İş Arıyorum
17 Ekim 2020 Cumartesi
Selamun Aleyküm. Oturabilir miyim? Diyerek üzerinde ki paltoyu çıkardı. Katlayarak yan sandalyeye koydu. Sonra sağımda güneşin vurduğu sandalyeye güneşi arkasına alarak oturdu.
Son zamanlarda sıkça gördüğüm gibi fötr şapkalı, traşlı olmasına rağmen sakallarında ki beyazları tam saklayamamış bu bey cebinden çıkardığı yakın gözlüğünün camlarını silip, ardından adının Şevket olduğunu öğrendiğim kahveciye seslendi.
–Bir çay göndersene Şevket.
Küçüklük böyle zamanlar da belli oluyor. Bu 20 milyonluk şehirde durmaksızın dönen bu ticari hayata tek katkım, bir 25 m2 lik dükkandı. Küçüktü, ama o dükkan bile bana ait değildi. Oranın bir çalışanıydım. Belli bir haftalık karşılığında. İlerleyen yaşla beraber, günden güne gözden düşen tezgahtarlığımla yük olduğumu hissettiğim bu mekan sonunda beni kapı dışarı etti.
6000 km 2 lik bu koca şehirde hayallerini, sosyal yaşantını, cinselliğini, yaşam standardını belirleyen 2 m2 lik bir tezgah edinememişseniz, kahvehaneye vuran Ocak güneşini takip ederek sürekli yer degiştiren bu kahvehane müdavimleri gibi olursunuz.

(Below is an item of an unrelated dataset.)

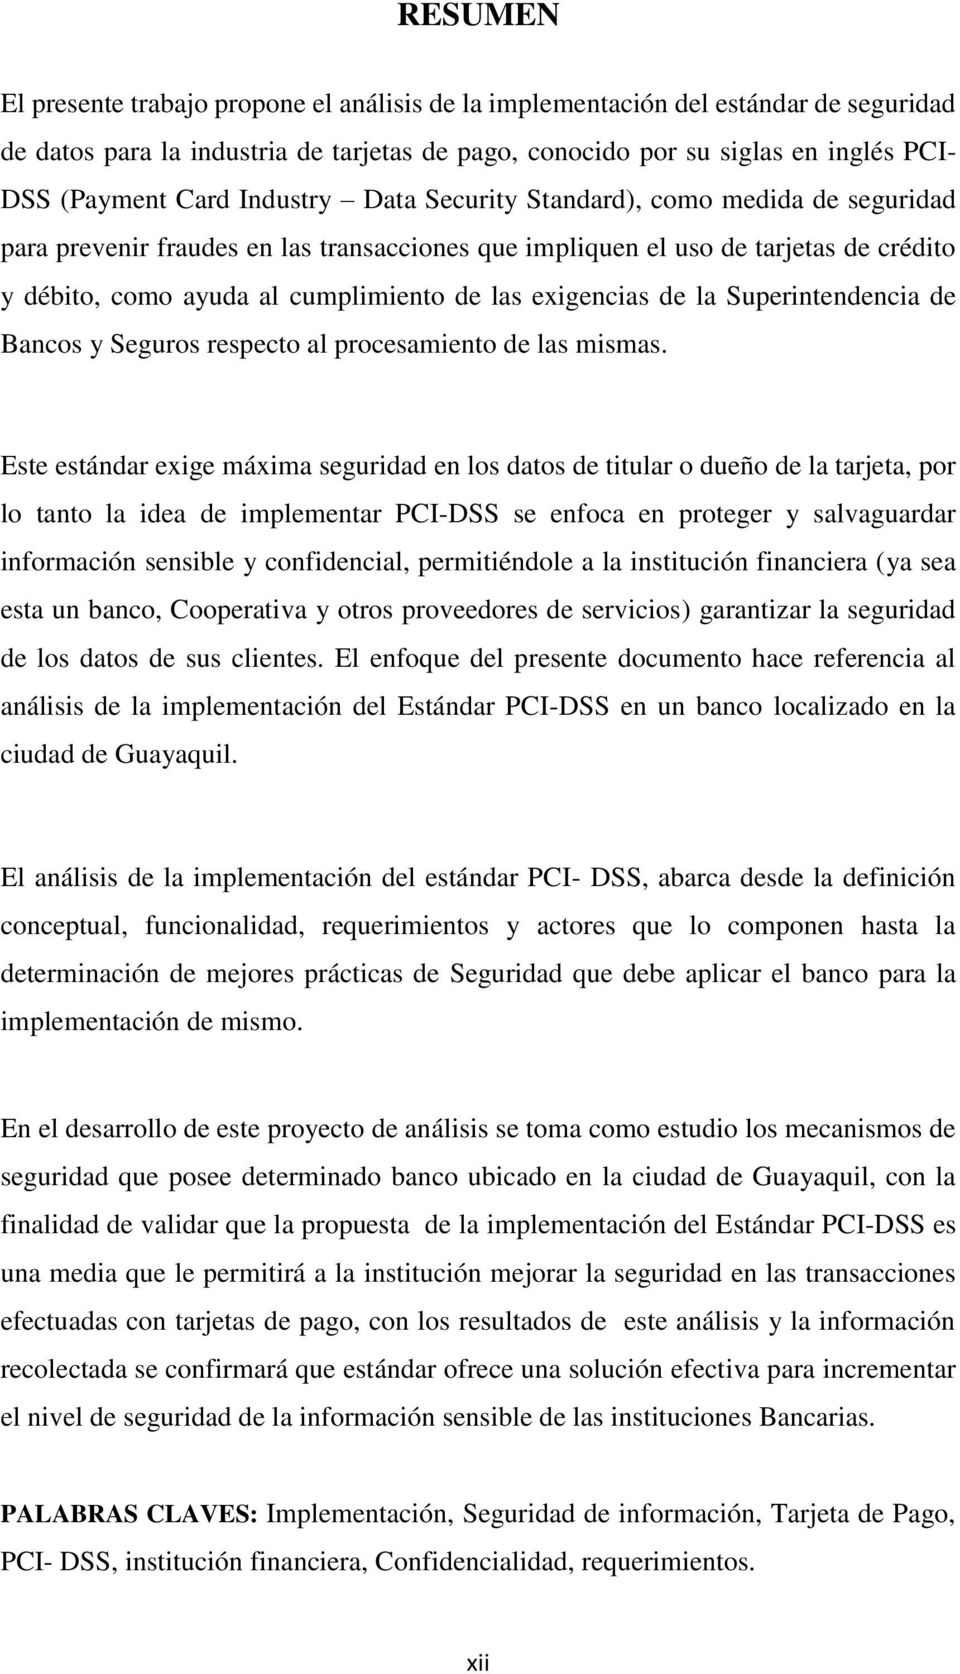 exigencias de la Superintendencia de Bancos y Seguros respecto al procesamiento de las mismas.

Güneş nereye siz de oraya. Hayat bu muydu?
Zühal, durumu biliyor. Bilmeyen kayın valide. 3 aylık işsizliğimi mümkün değil açıklayamam. Hem zaten evinde oturuyoruz diye bir havalarda…” yok düzenini bozmuşuz, yok yatmayı kalkmayı bilmiyormuşuz.” Kumanda hep onda. Habire Flaş TV’ de Ankara oyun havaları izliyoruz.
Emekliliğime kalmış iki sene. İş konusunda yalnız İstanbul değil, 7 milyarlık bir kitleyi de karşıma almışım. İşlerini kaparım diye mi ne, eski arkadaşlarımdan da arayan yok. En son, Tuhaf optiğe Murat’ın yanına uğramıştım. Bir çay içmiştik ayak üstü. Bir ara Murat, cam deposuna gitmişti “sen bekle gelirim” diyerek. Dükkana da müşteri mi gelmişti ne? Patronda ya anlamıyor ya da bakmak istememişti. Ben ilgileneyim dedim. Murat gelinceye kadar. Biraz fazlaca ilgilendim herhalde, kendimi patrona beğendirmeye mi çalışıyordum yoksa? Sonrasında Murat, mesafeli davranmaya başladı. Ben de utandım tabii. O yüzden cam depoları dışında kimseyle görüşmüyorum.
–Fevzi amca, nasıl gözlükten memnun musun? Diyen bir ses yankılandı kulağımda.
Eski buruşuk bir lacivert takım elbiseli bir adam. Diplerinde beyazlaşmalar görünen boyalı saçlı ince bıyıklı 50 lik bu adam, bir eli masa komşum Fevzi amcanın omzunda, diğeri siyah bond çantasında, gülüyor.
–Bak o gözlüklerin daha kuvvetli numaraları geldi. Bir de bunları dene diyerek içi naylon poşetlere sarılı bir sürü gözlük gösteriyor çantasını açarak.
–Bir tane yeter. Önümüzde ki ay devletten de bir tane alacağım. Zamanım dolmuş.
Bu olumsuz cevap, satıcının yüzünü buruşturup önce çevreye sonra bana yönelmesine sebep oldu.
–Sen ister misin beyim? 5 numaraya kadar hazır gözlüklerim var.
Hayır anlamında başımı salladım. Başka zaman olsa karşıma alıp saatlerce sohbet edeceğim adam, kendine ekmek çıkmayacağını anladığı benden ve kahvehane sakinlerinden arada bir geriye dönüp dönüp bakmalarıyla kapıyı açarak uzaklaştı, “Acaba ben de bu işi yapabilir miyim?” düşüncesini kafama kazıyarak. Yapamayacağımı elbette biliyorum.
Üstelik bu işe belli ki yıllarını vermiş bu satıcı bile eli boş çıktı bu mekandan. Benim hiç şansım olabilir mi?
Ben de uzun süredir elimde oynadığım boş çay bardağını masaya bırakarak metronun yolunu tutuyorum. Kafamda çantanın ebatlarını bulmaya çalışıyorum. 50 ye 40 olmalıydı.